Data Quality for Researchers

I have spent a lot of time both producing and using datasets and in this article I will write what I think are the five things that will make the most difference in terms of improving the quality of a dataset. I am not making too many assumptions about the type of data, we could be counting dogs in a dog park or measuring the temperature of the ocean (or running a survey about peoples’ favourite flavour of ice cream).

Use a consistent format for dates

This is the one thing that is really easy to get right and really annoying when people don’t get it right. Is the date ‘06/04/18’ the fourth of June or the sixth of April or even the 18th of April, 2006. Or the 16th of April 1996? All these dates are possible. However, there is a convention (or standard) that removes all that ambiguity. It is called ISO 8601. For dates, we represent them as follows: YYYY-MM-DD where YYYY is the year, MM is the two-digit month and DD is the two digit day. So, Christmas day, 2016 would be written as: 2016-12-25.

ISO 8601 also allows us to specify a month of a particular year (YYYY-MM) and times.

You can read more about it in Wikipedia

If you’re not yet convinced, one of the big advantages is that it is really easy to read dates in ISO 8601 format using many different programming libraries.

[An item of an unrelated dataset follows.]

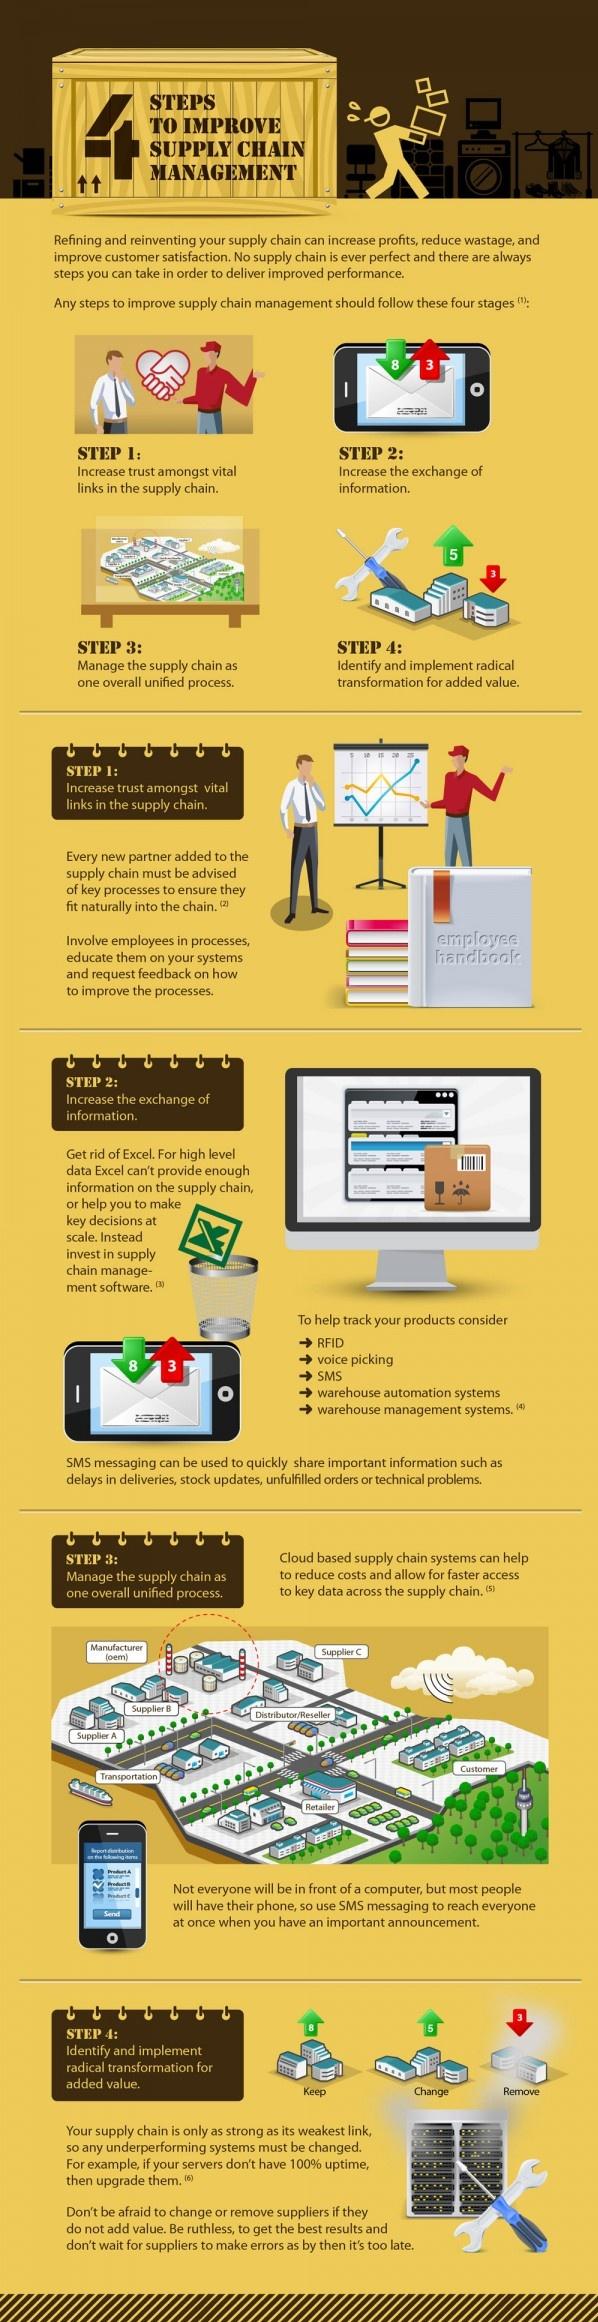 4 Steps to SCM eJ SCM Consulting

Use a standard naming convention for items

Most domains have standard sets of names for identifying items.

So, suppose you’re doing a survey of birds seen in backyards in Melbourne, rather than recording ‘Yellow-tailed Black-Cockatoo’ or ‘Crested Pigeon’, it may be better to record those observations as ‘Calyptorhynchus funereus’ and ‘Ocyphaps lophotes’. This will avoid similar errors with names that look similar (e.g. Yellow-tailed Black-Cockatoo vs Yellow-tailed Black-Cuckatoo or Yellow tailed black cockatoo). Notice that it is also important to be consistent with capitalisation and hyphenation.

Many disciplines have what is called a Controlled vocabulary. This will give an even better level of consistency. You can read more about controlled vocabularies in Wikipedia.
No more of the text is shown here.